• _COLLECTED MATERIAL_:
=== Section Start ===
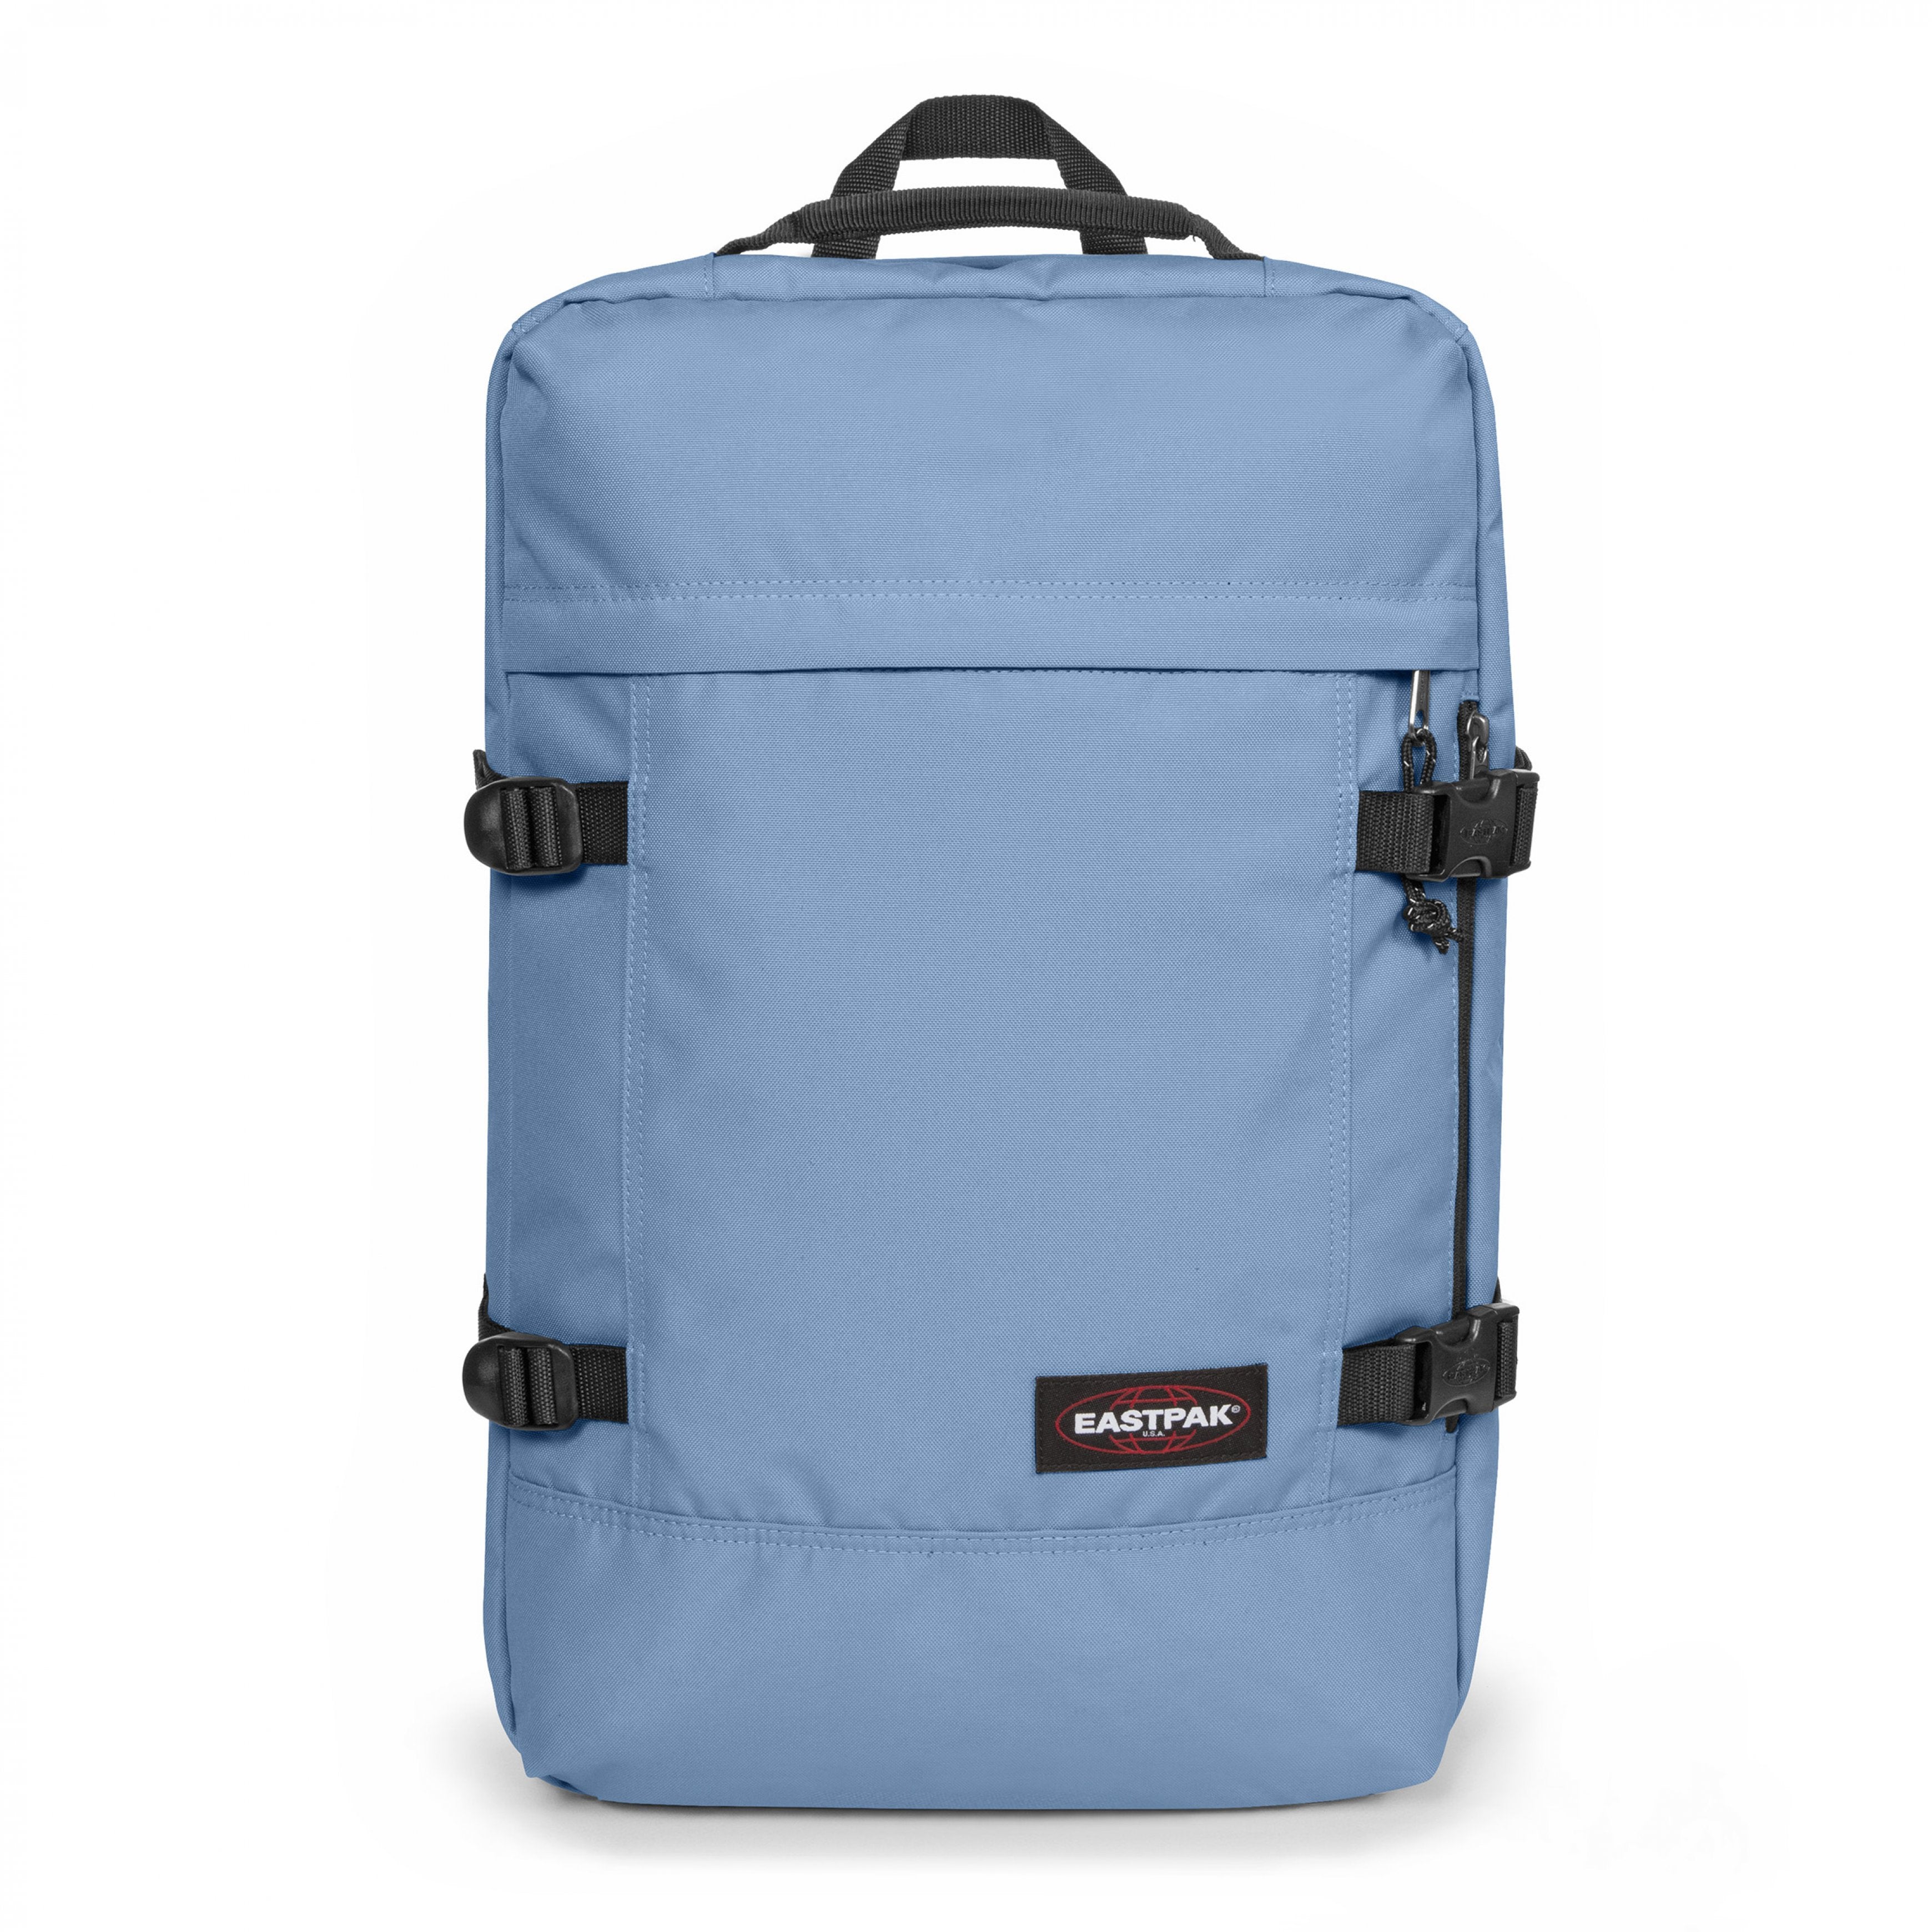 EASTPAK-Travelpack-Large backpack with laptop sleeve-Charming Blue-EK0A5BBR5D51
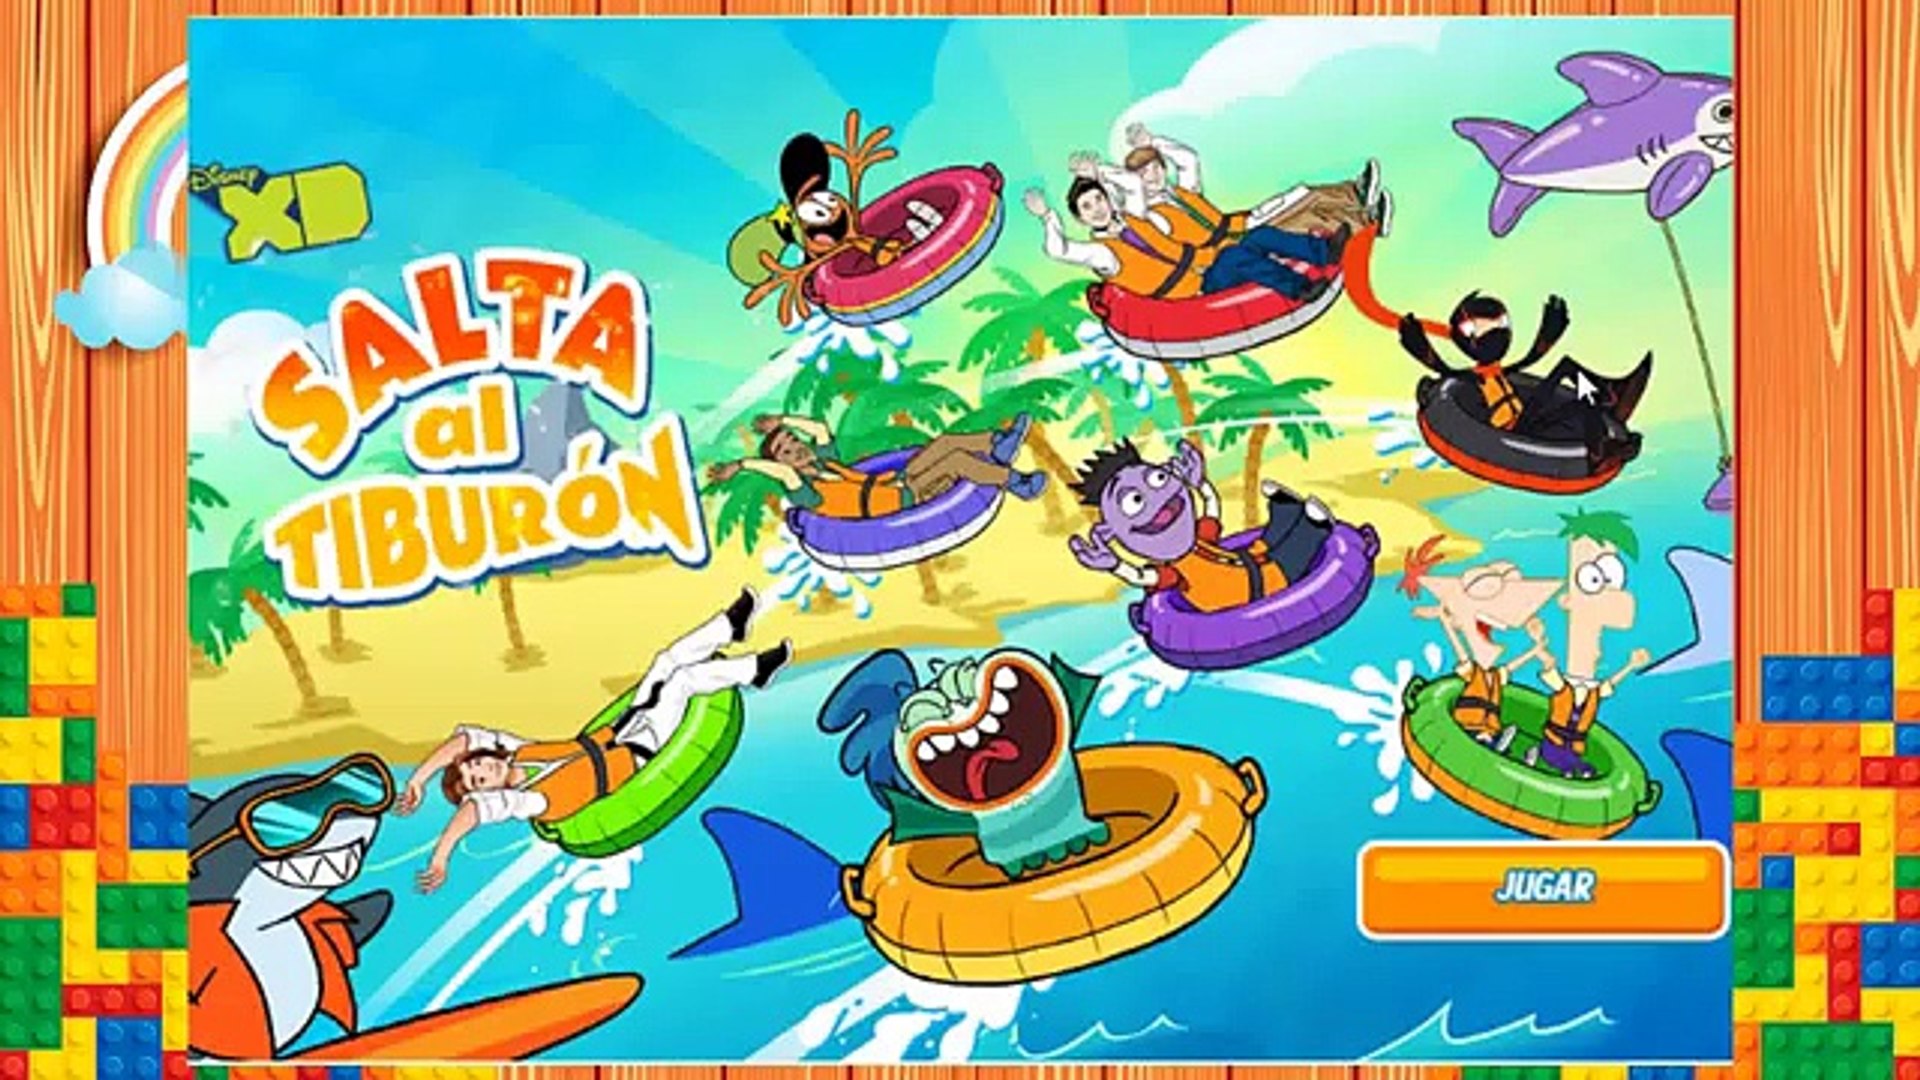 Disney XD Juegos, Juegos Disney Channel, Salta al Tiburon, juego Phineas y  Ferb - video Dailymotion
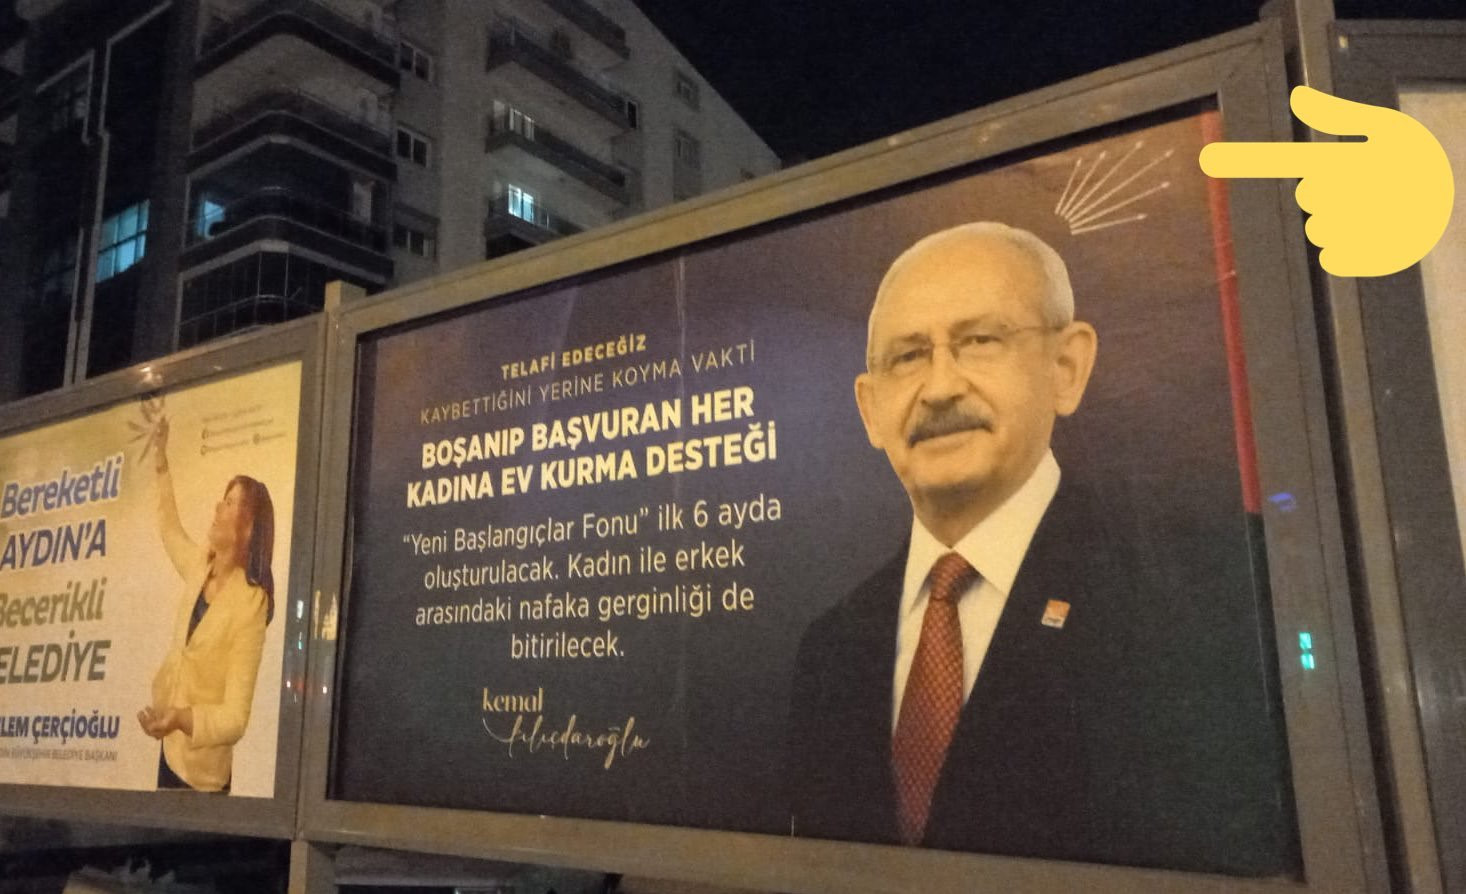 Cumhurbaşkanı Erdoğan'ın ziyareti sonrası reklam panolarına Kılıçdaroğlu'na ait afişler asıldı.
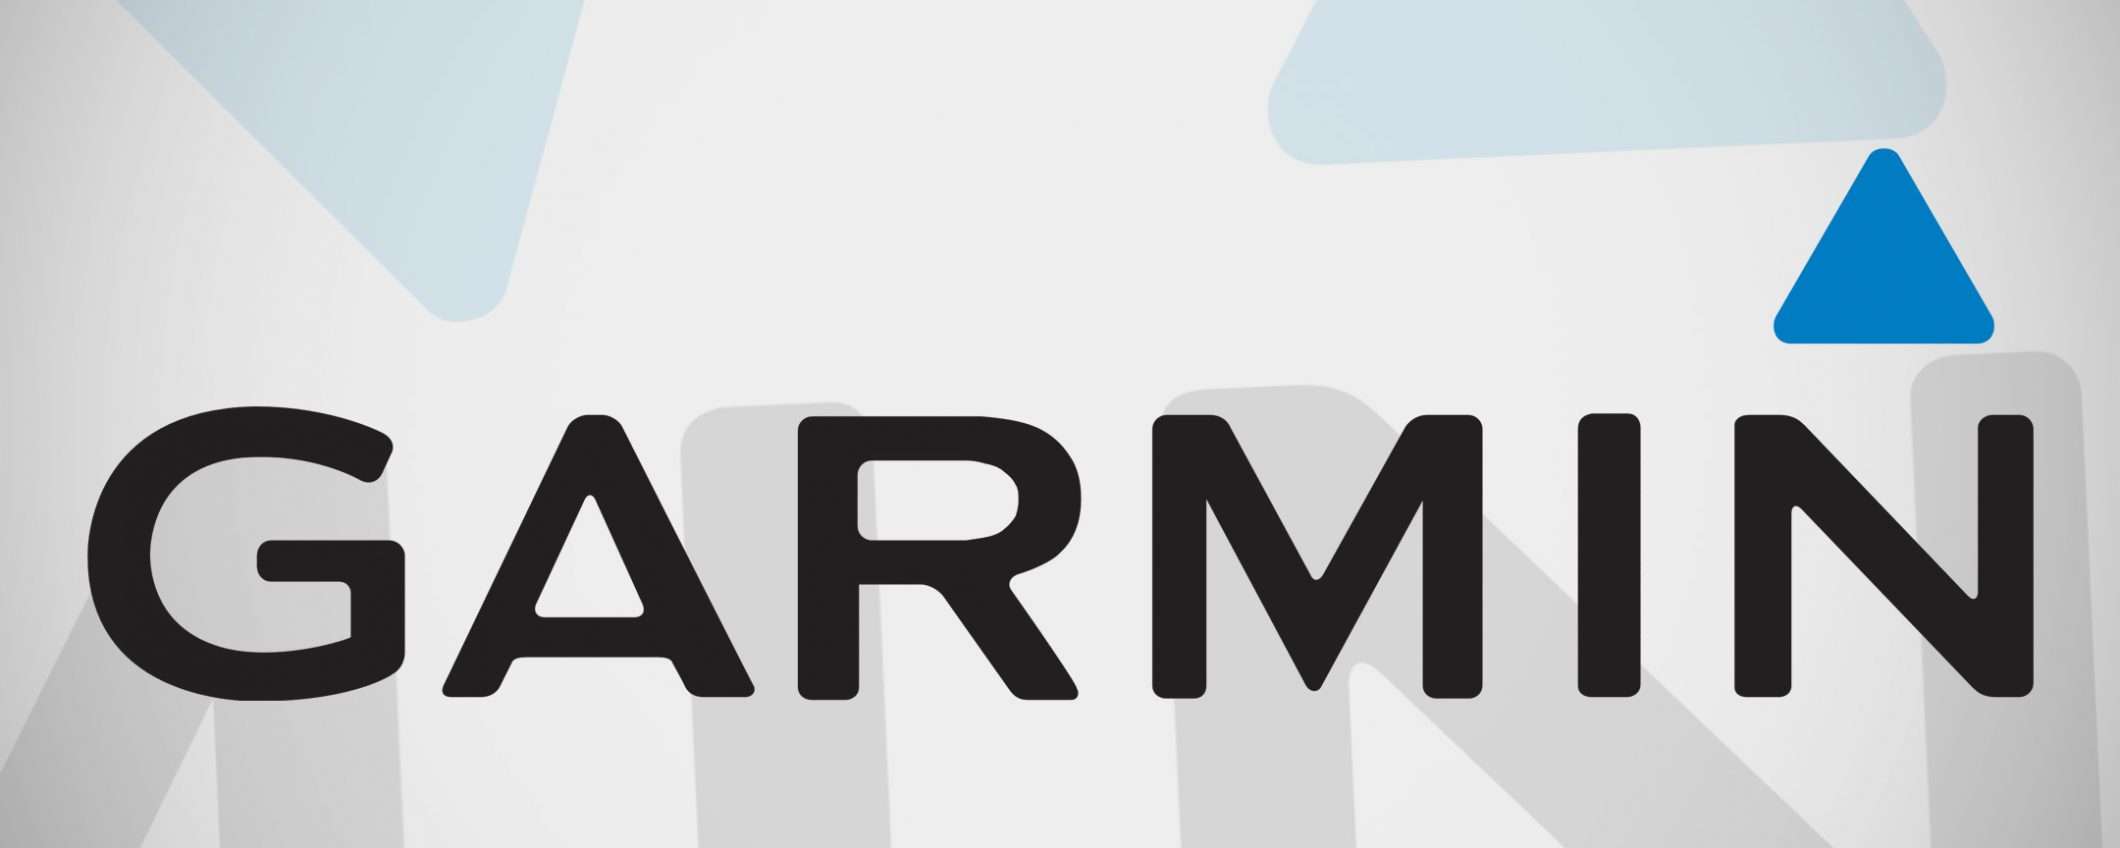 Garmin pubblica una FAQ sull'attacco ransomware
=== Section End ===
• _ACTIVITY_: Leaving out every picture, extract verbatim the lines from the one containing "Disney XD Juegos, Juegos" through the last line of the listing, inclusive.

• _SOLVED PROBLEM_:
 Disney XD Juegos, Juegos Disney Channel, Salta al Tiburon, juego Phineas y  Ferb - video Dailymotion
 Cumhurbaşkanı Erdoğan'ın ziyareti sonrası reklam panolarına Kılıçdaroğlu'na ait afişler asıldı.
 Garmin pubblica una FAQ sull'attacco ransomware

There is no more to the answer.